Feb 22, 2013

Top 10 Amazing Syrian Tactics

10) Shoot and kill unarmed protestors who all have cameras and internet on their phones.

9) Shoot and kill unarmed mourners of the proterstors you killed, who all have twitter and facebook on their phones.

8) Shoot at more unarmed mourners and protestors, who are now growing steadily in numbers, as seen on their youtube uploads from their mobile phones.

7) Declare you will immediately strike the emergency law, and then not do it and instead kill more protestors and mourners, who at this point, are one large and growing mass of people across the country.

6) Have a parade celebrating the dictator by forcing people to rally.

5) Give a speech promising resistance to your opponents and no reforms.

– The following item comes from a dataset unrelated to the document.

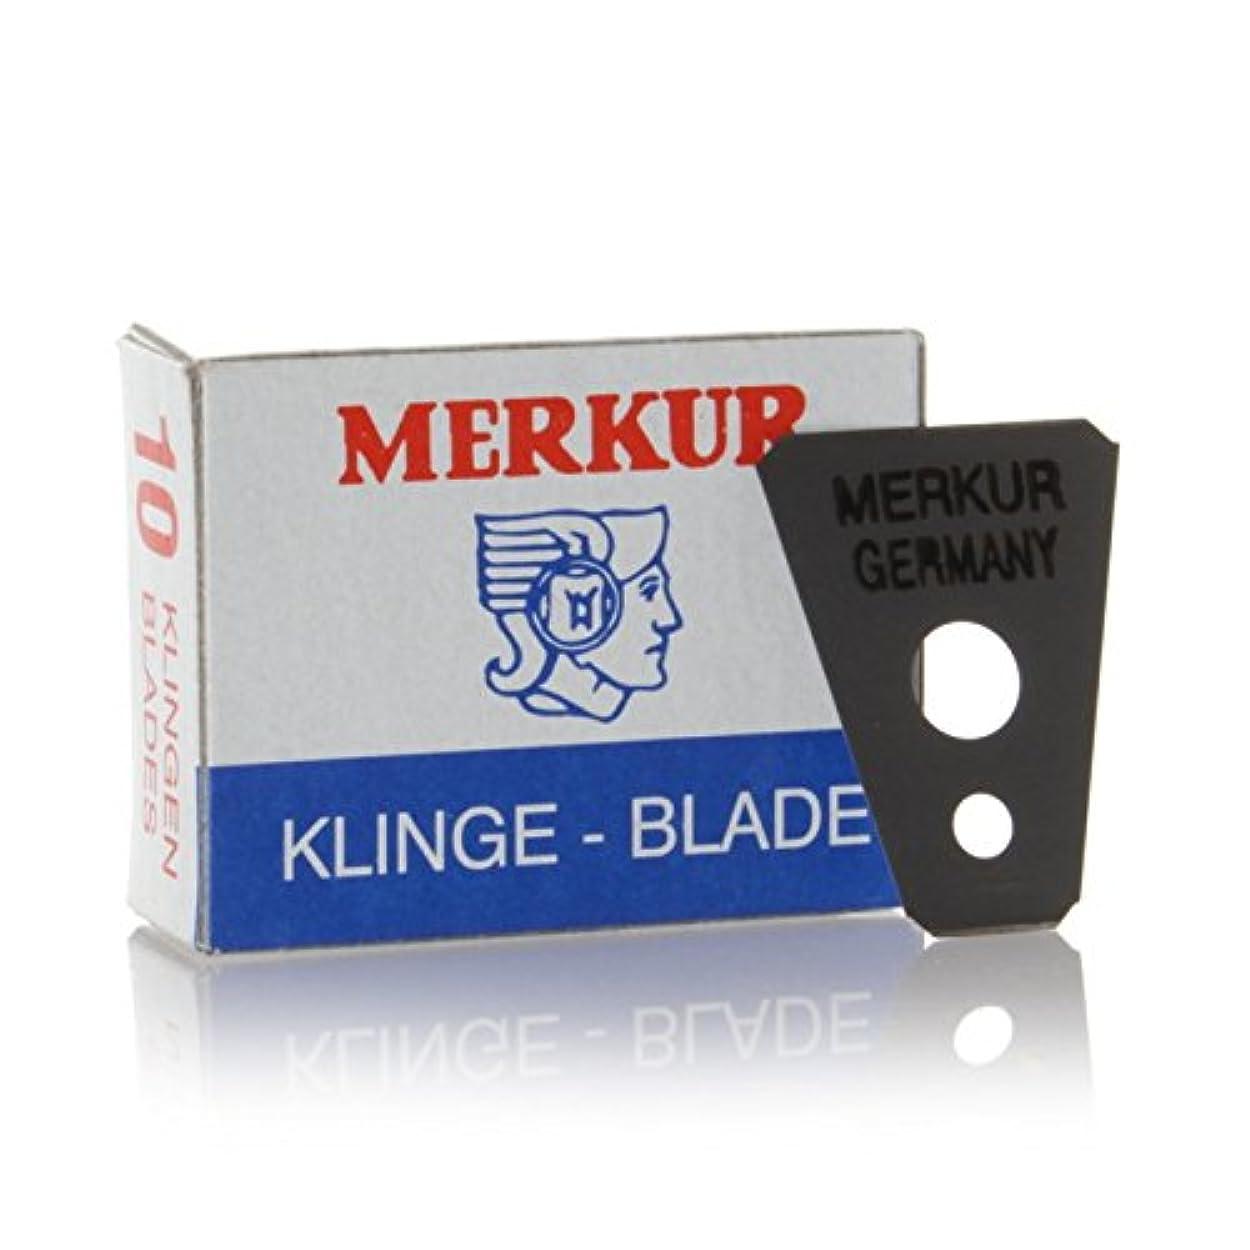 兄進化する不和MERKUR Solingen - Razor blades for moustache shaver, 10 pieces, 90908100

4) Wait for international condemnation and then have a lower level committee announce the need to investigate reform.

3) Keep killing people who are protesting peacefully. The Syrian Army needs the training.

2) Keep blaming terrorists (who aren't on your sponsorship recipients list), Israel and the West of conspiring against you, while ignoring the public outcry of your fellow citizens.

... and the #1 Amazing Syrian Tactic is:

1) Openly kiss Iran's ass, while supporting Hizbullah, killing your own citizens and pretending to be a friend of the West, and in that way trying to cling to power using political ideology which died long ago.